Специалисты по информационной безопасности из компании Zimperium провели анализ популярного приложения AirDroid и обнаружили, что в нем присутствует критическая уязвимость. Об этом сообщается в их официальном блоге.

AirDroid — популярное приложение удаленного управления Android-устройствами через ПК. Текущая аудитория программы насчитывает не менее 10 млн человек, а всего AirDroid был скачан более 50 млн раз.

Уязвимость связана с возможностью проведения MitM-атаки, последствием которой может стать утечка персональных данных и даже установка злоумышленником стороннего APK на Android-устройство атакуемого пользователя. При этом для атаки используется встроенный функционал AirDroid.

Передача данных при помощи AirDroid происходит, в том числе, по незащищенному HTTP-каналу. Данные шифруется самим приложением при помощи DES — симметричного алгоритма шифрования, утвержденного IBM еще в 1977 году. Проблема в том, что ключ шифрования захардкорен в самом коде AirDroid (890jklms — сам ключ, полученный при помощи парсинга).

Имея ключ шифрования злоумышленник без труда может провести MitM-атаку и, фактически, получить доступ к AirDroid, а через него и к Android-устройству пользователя.

Отправив пакет, зашифрованный при помощи DES с указанным выше ключом, атакующий получит ответ от AirDroid со всей информацией об устройстве, а также с электронной почтой и хэшем пароля, что и продемонстрировали специалисты из Zimperium:


Ответ на запрос атакующего от AirDroid

Используя эту уязвимость можно перенаправить запросы о получении обновлений и подсунуть на пользовательское устройство вредоносный APK-пакет, установка которого будет одобрена юзером под видом получения обновления.

Еще злоумышленник может получить статистическую информацию, которая собирается AirDroid и передается на адрес http://stat3.airdroid.com/ по незащищенному протоколу HTTP (для API и большинства функций приложение все же использует HTTPS). На этом канале связи все также используется минимально-безопасный DES (видимо, чтобы обеспечить хоть какое-нибудь шифрование). Перехваченная при помощи MitM-атаки информация после расшифровки выглядит следующим образом:



Из важной информации злоумышленник может получить ваши account_id, androidid, device_id, imei, imsi, logic_key и unique_id.

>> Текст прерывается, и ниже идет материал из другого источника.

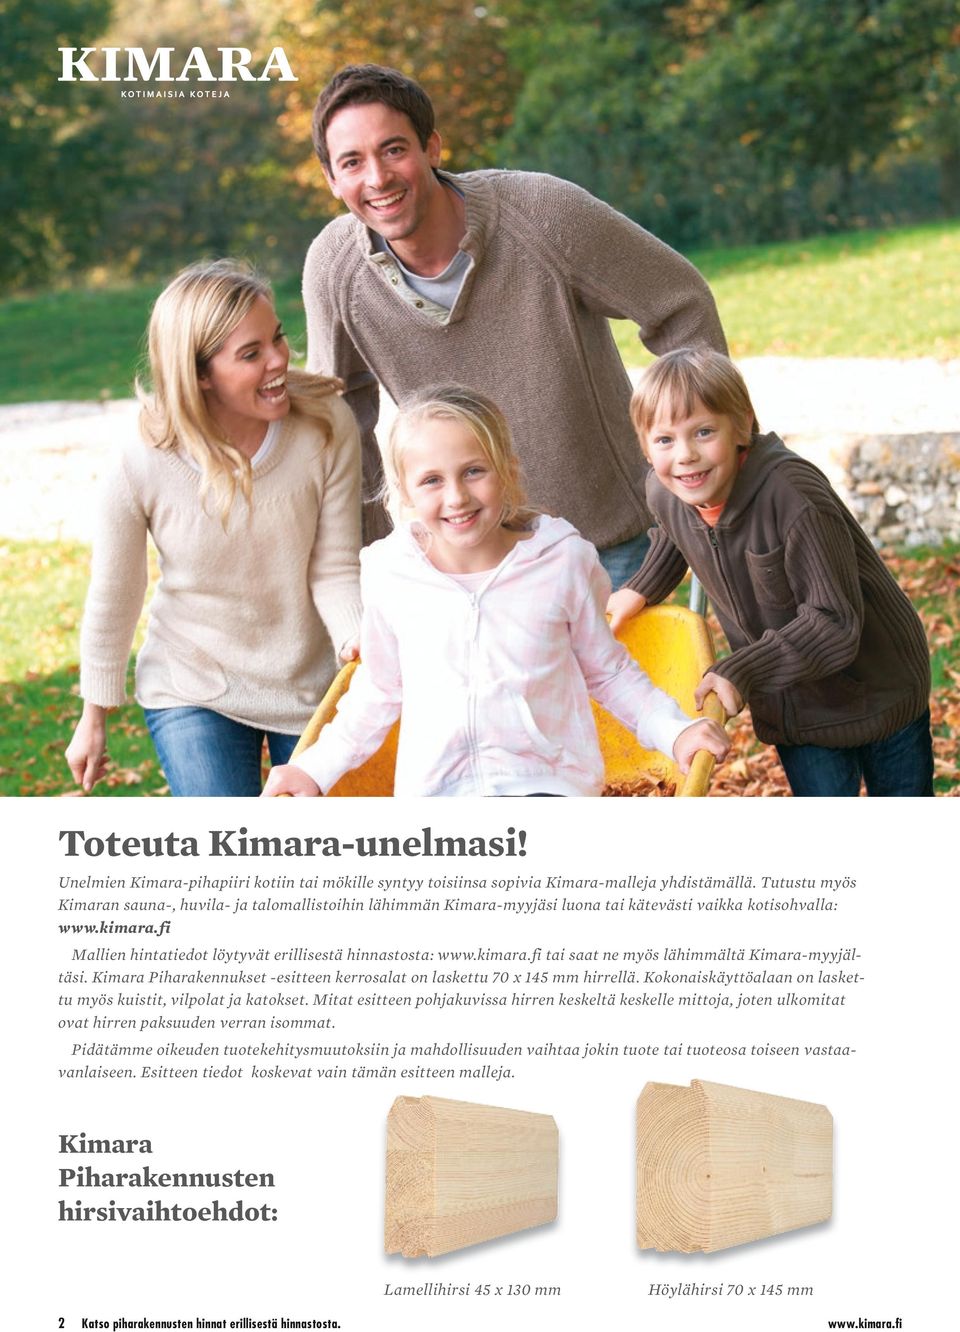 kimara.fi tai saat ne myös lähimmältä Kimara-myyjältäsi. Kimara Piharakennukset -esitteen kerrosalat on laskettu 70 x 145 mm hirrellä.

После публикации информации об уязвимости в блоге Zimperium почти сразу же последовала реакция руководства проекта AirDroid. Вот как прокомментировал ситуацию директор по маркетингу Бетти Чен:

После публикации в блоге Zimperium мы выпустили обновление для мобильного клиента AirDroid 4.0. В этой версии сделаны некоторые фиксы, но мы все еще ждем полной оптимизации клиента, прежде чем сможем улучшить шифрование. Мы начнем раскатывать обновление по клиентам и серверам в течение ближайших двух недель, по мере наших возможностей.

Необходимо отметить, что Zimperium — далеко не Black Hat-команда. Информацию об уязвимости они передали AirDroid более полугода назад, 24 мая 2016. В обновлениях 4.0.0 (за 28 ноября) и 4.0.1 (за 30 ноября) и, соответственно, в более ранних версиях, она все еще присутствовала. Выложили информацию об угрозе в открытый доступ 1 декабря 2016 года.

Текущая версия приложения — 4.0.2, но какой-либо информации о том, была ли устранена уязвимость, все еще нет. Последняя запись в официальном блоге приложения сообщает о скором выходе версии 4.0.0 и датируется 18 ноября.